• YOUR TASK: The full listing, written out exactly and without images, is the expected result.
***** DATASET SECTION *****
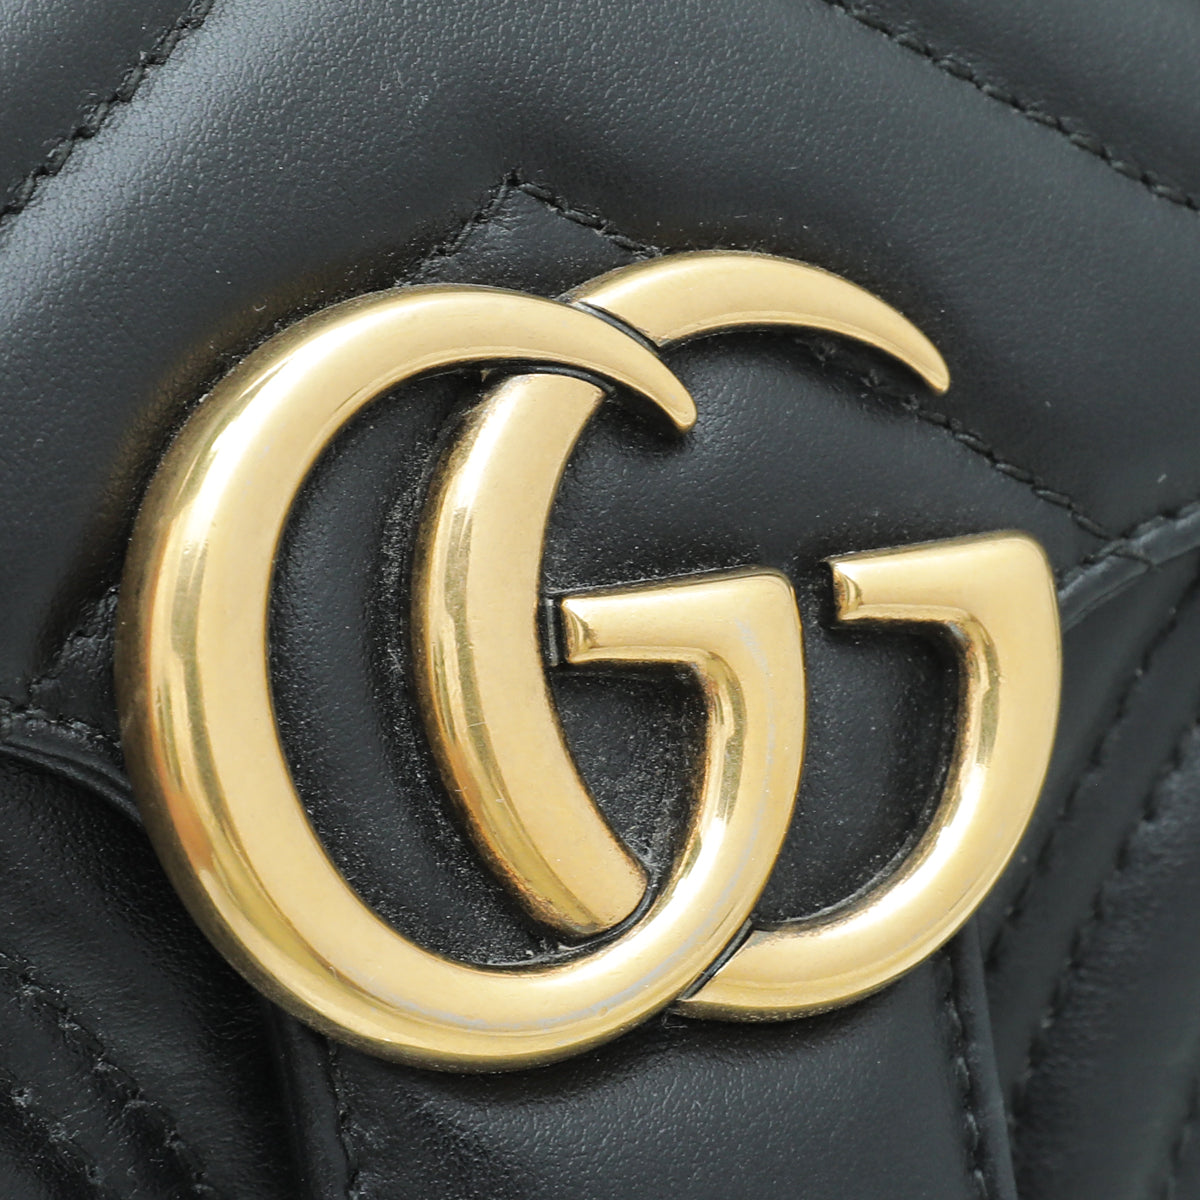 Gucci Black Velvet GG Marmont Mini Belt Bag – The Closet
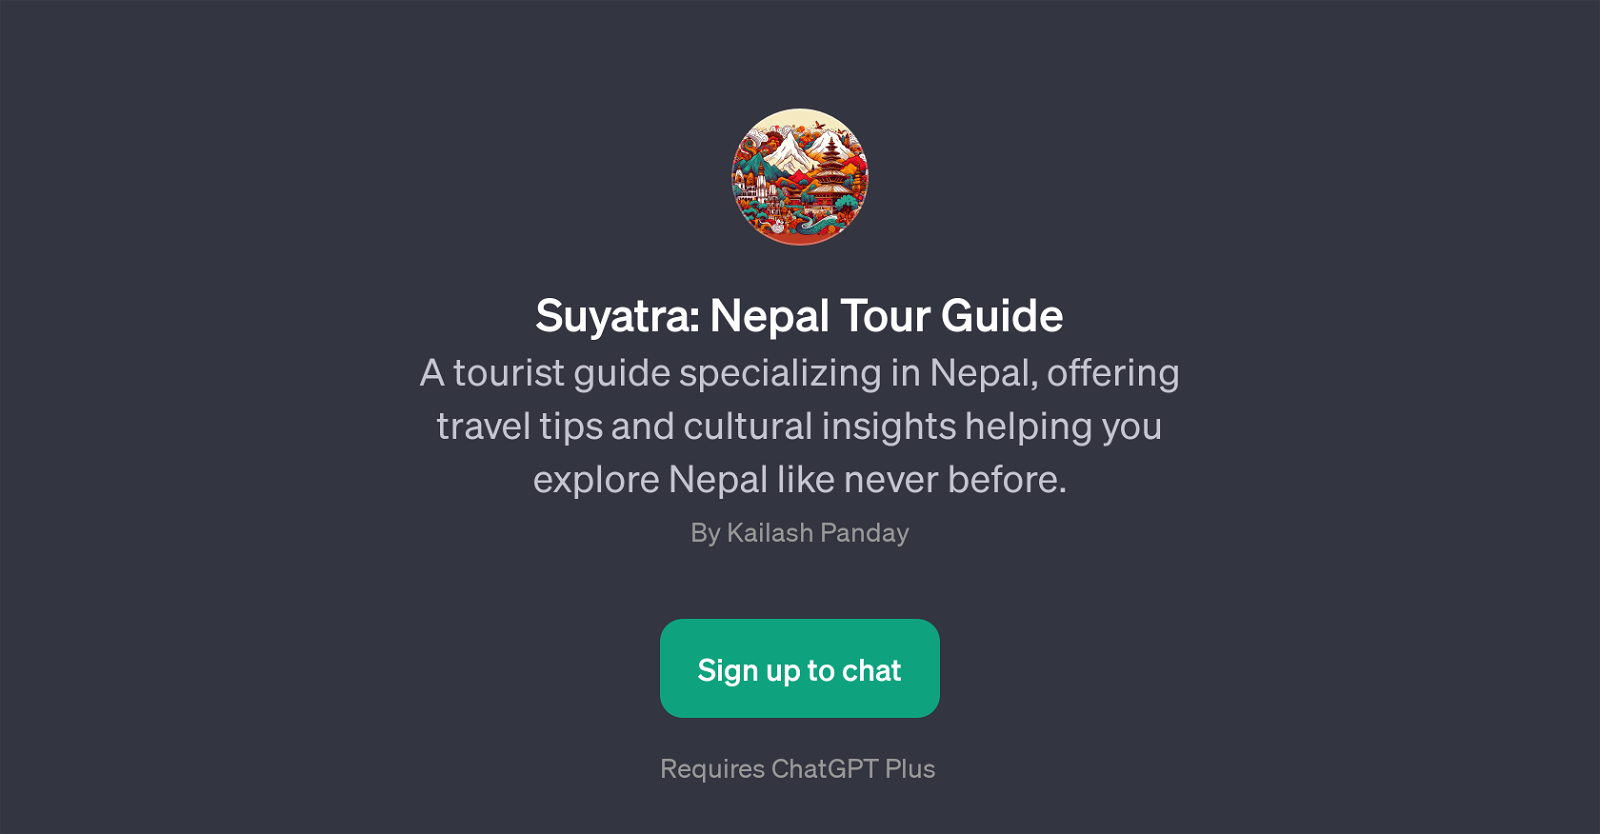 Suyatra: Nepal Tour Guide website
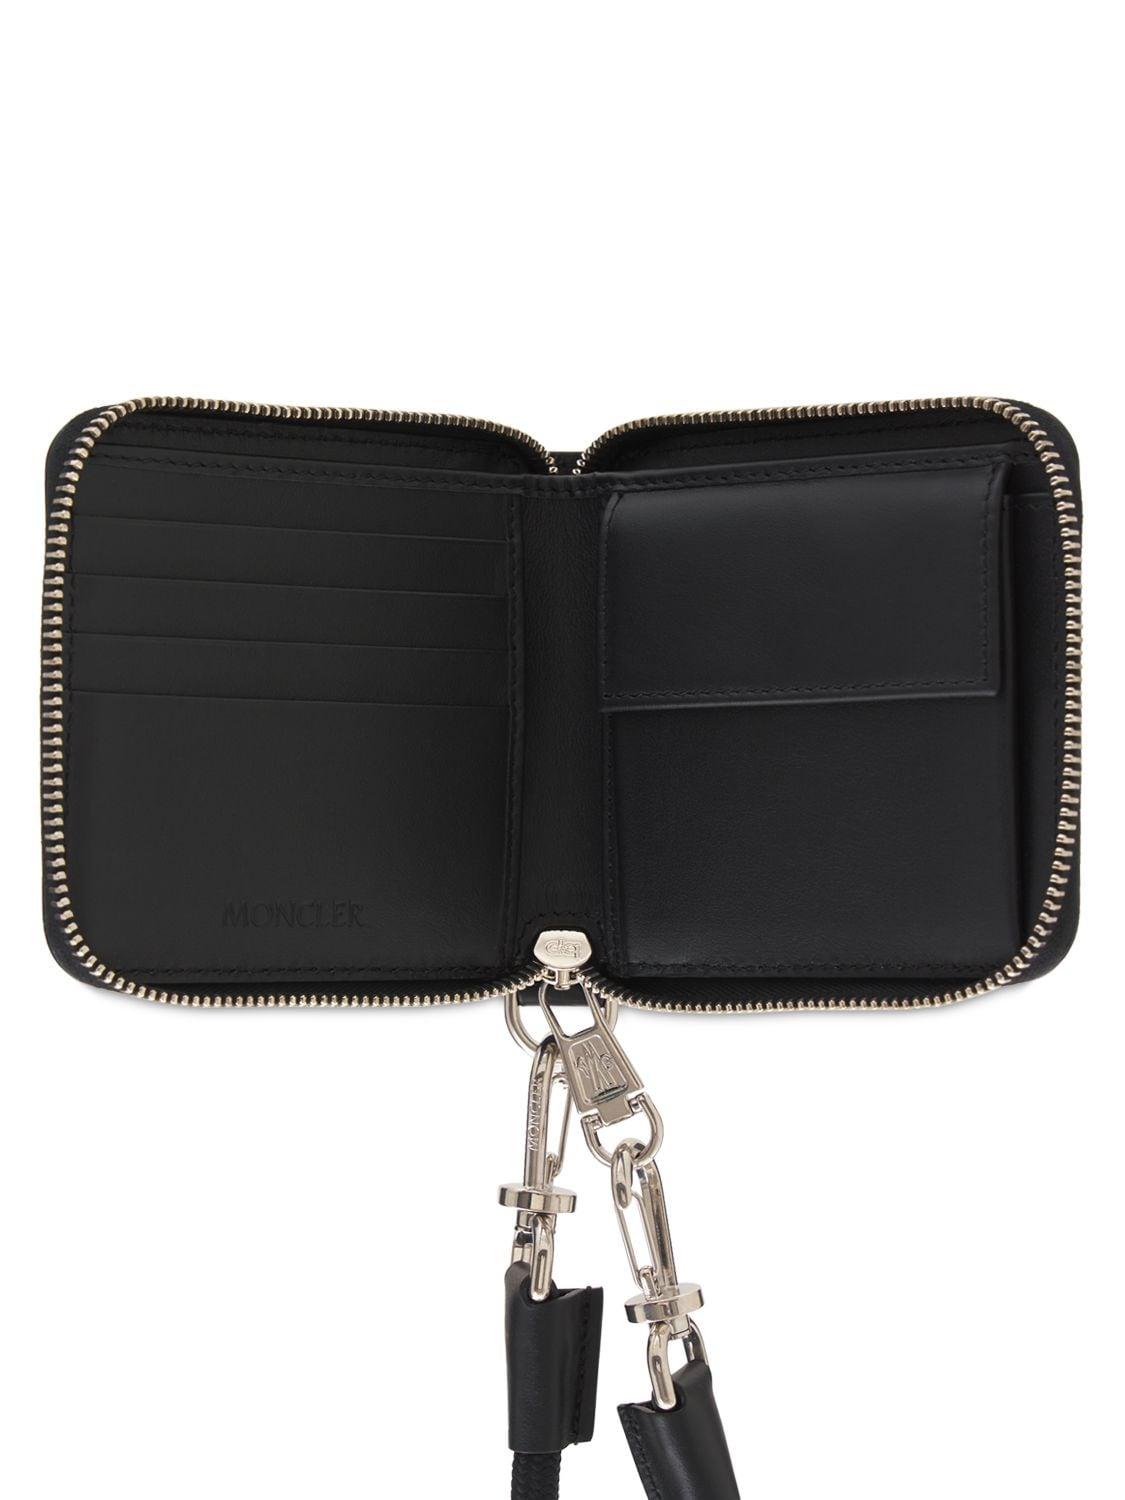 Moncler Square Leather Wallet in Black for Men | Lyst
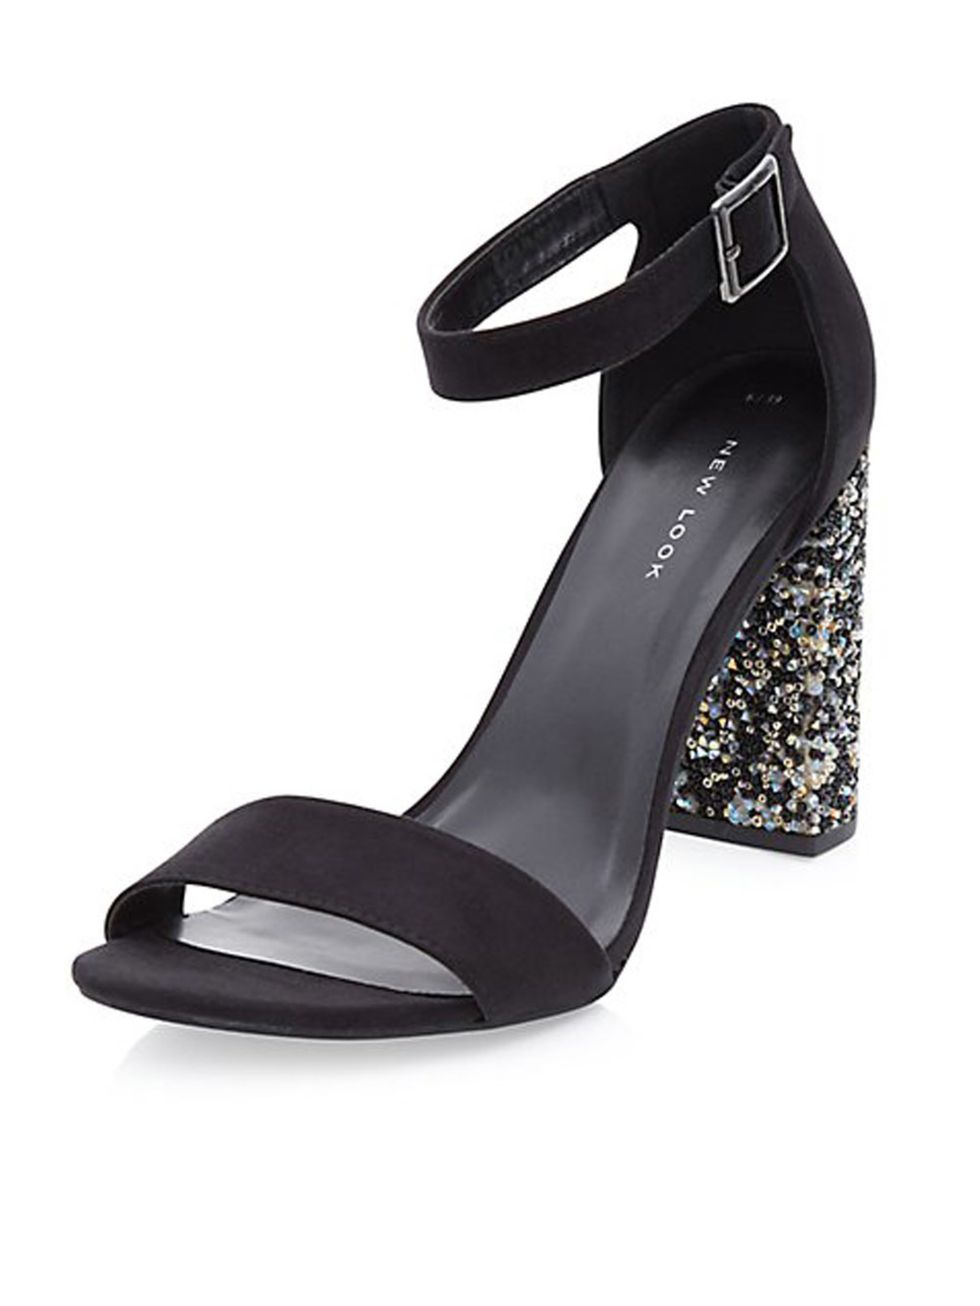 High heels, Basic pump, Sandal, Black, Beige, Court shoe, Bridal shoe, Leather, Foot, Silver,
*****
• ANSWER TO THIS EXERCISE:
 Gucci Black Velvet GG Marmont Mini Belt Bag – The Closet
 Suyatra: Nepal Tour Guide website
 Moncler Square Leather Wallet in Black for Men | Lyst
 High heels, Basic pump, Sandal, Black, Beige, Court shoe, Bridal shoe, Leather, Foot, Silver,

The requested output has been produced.